2. the allelic method of TAP is identified in the SNPs combination according to claim 1, it is characterized in that, shown in the allelic gene typing according to the form below of the SNP somatotype combination correspondence of said TAP1:
3. the allelic method of TAP is identified in the SNPs combination according to claim 1, it is characterized in that, shown in the allelic gene typing according to the form below of the SNP somatotype combination correspondence of said TAP2:
4. identify the allelic method of TAP like claim 1 or 2 or 3 said SNPs combinations, it is characterized in that, adopt TaqMan PCR to detect the SNP somatotype.

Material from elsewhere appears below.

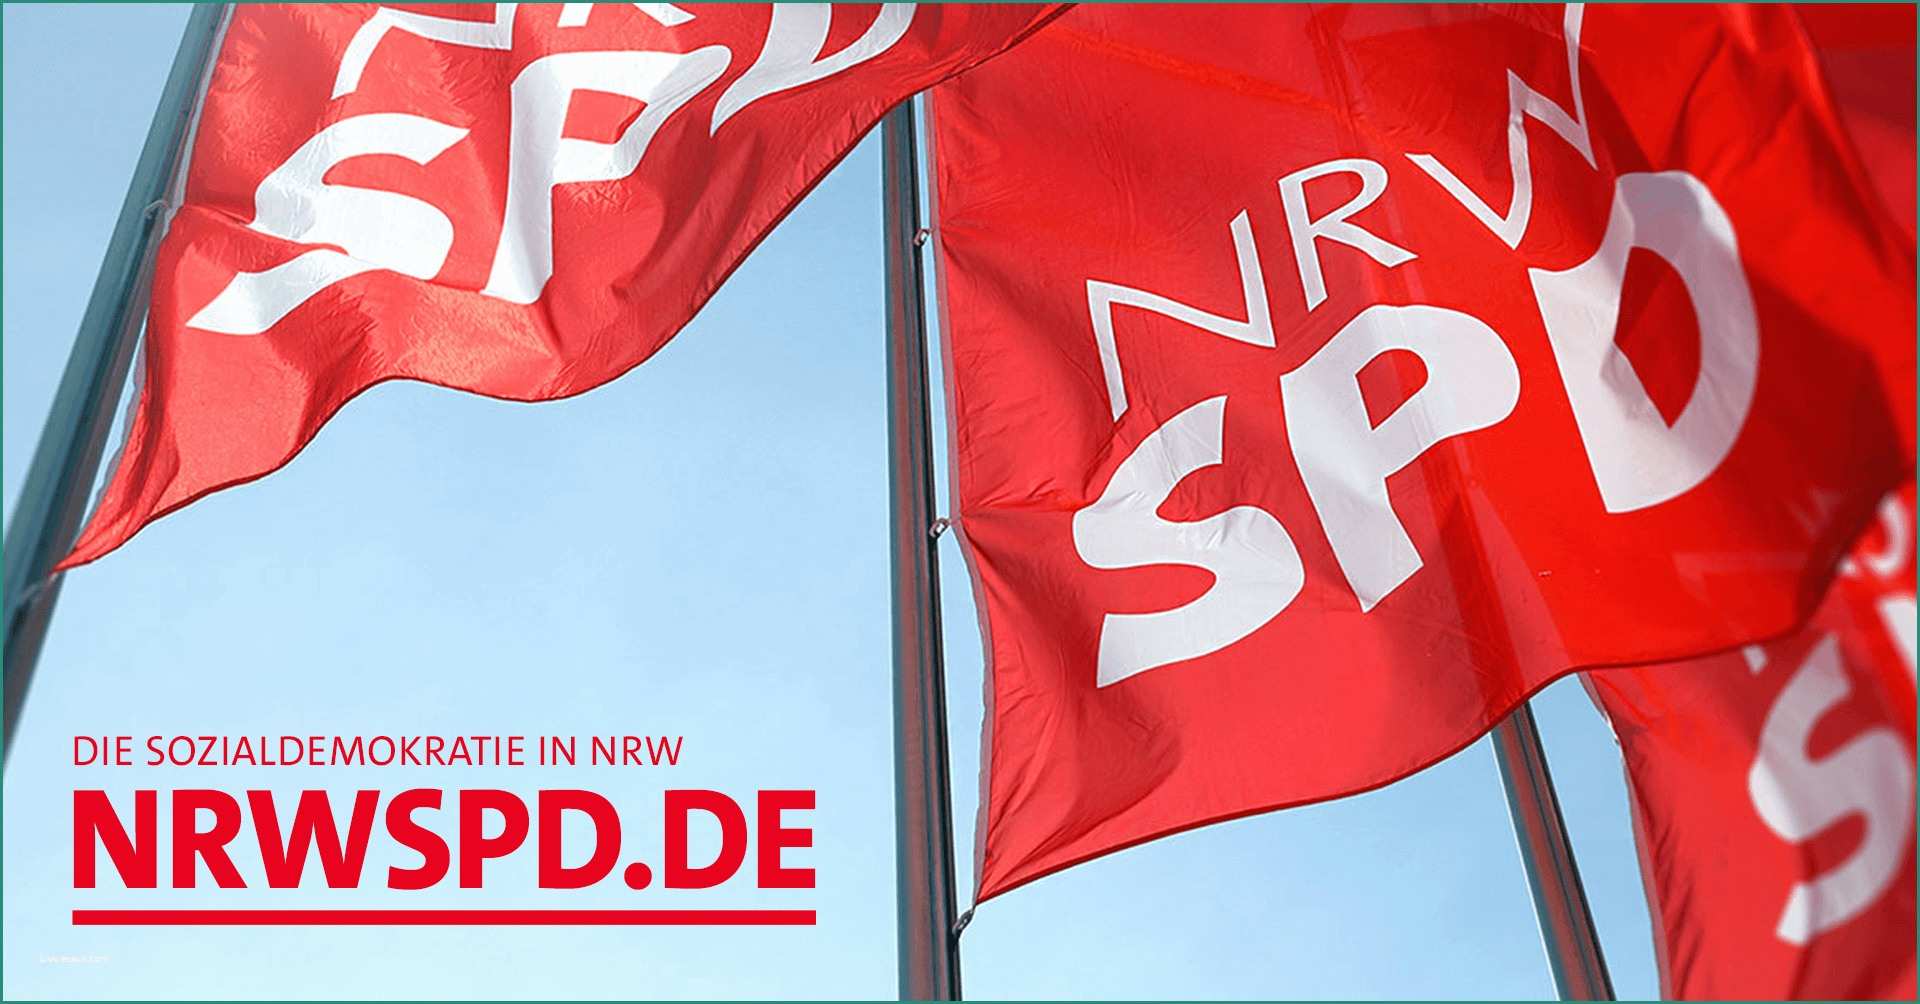 My Vodafone Fai Da Te E Nrwspd – Die sozialdemokratie In Nrw

5. the allelic method of TAP is identified in said SNPs combination like claim 4, it is characterized in that, when adopting Taq Man PCR to detect the SNP somatotype, the corresponding relation of employed primer and probe is following when detecting TAP1 allelotrope:
Site: p599
Primer sequence:
F-GCTGAGCCATCTTGTAGAATCCA
R-GACTTAATATTTGTGCGTGACCTCTCT
The MGB probe sequence:
FAM-GGCCATCTCCCTTGGAGAAAGA
VIC-TGGCCATCTCCCCTGGAGAAAGA;
Site: p762
Primer sequence:
F-CCAAACACCTCTCCCTGCAA
R-TTCGTGGGTGACGGGATCT
The MGB probe sequence:
FAM-TGCACGTGGCCCATGGTGTT
VIC-CTGTGCACGTGACCCATGGTGTT;
Site: p997
Primer sequence:
F-TGCGAGGCCTATGTCTCTTG
R-TCTTGGGCAGAAGGAAAAGCA
The MGB probe sequence:
FAM-TCACCCTGATCACCCT
VIC-TCACCCTGGTCACCCT;
Site: p1910
Primer sequence:
F-TTCTCATCTTGGCCCTTTGCT
R-GGCCAACGCCACTGC
The MGB probe sequence:
FAM-CAGCCTCGTCTACCT
VIC-CAGCCTCGCCTACCT;
Site: p1943
Primer sequence:
F-TTCTCATCTTGGCCCTTTG
R-GGCATCATCCAGGATAAGTACACA
The MGB probe sequence:
FAM-CTGCCTGTTGCTGAC
VIC-CTGCCTGTCGCTGAC;
Site: p1983
Primer sequence:
F-CGTTGGCCCGAGCATTG
R-GCACTGGTGGCATCATCCA
The MGB probe sequence:
FAM-CCGGAAACCATGTGTAC
VIC-CCGGAAACCGTGTGTAC;
The corresponding relation of employed primer and probe is listed as follows when detecting TAP2 allelotrope:
Site: p1308
Primer sequence:
F-TTGGCTGTCGGTCCATGTA
R-CGGCTCTCCCATTCCTGTT
The MGB probe sequence:
FAM-TCTGCAGCTCCCACATTGCTGAG
VIC-TGCAGCTCCCACGTTGCTGAG;
Site: p1693
Primer sequence:
F-GTTCTCCGGTTCTGTGAGGAA
R-GCCGCCATCACCTTATCATCTT
The MGB probe sequence:
FAM-CCCATAAGTAATGTTG
VIC-CCATAAGCAATGTTG;
Site: p1951
Primer sequence:
F-TGCAGCCTGTGAGCAATCA
R-TGGTGTCCATCTCATTCCTGTCT
The MGB probe sequence:
FAM-CTGTGCGATCCCCACAGGAATTC
VIC-CGATCCCCACGGGAATTCCA。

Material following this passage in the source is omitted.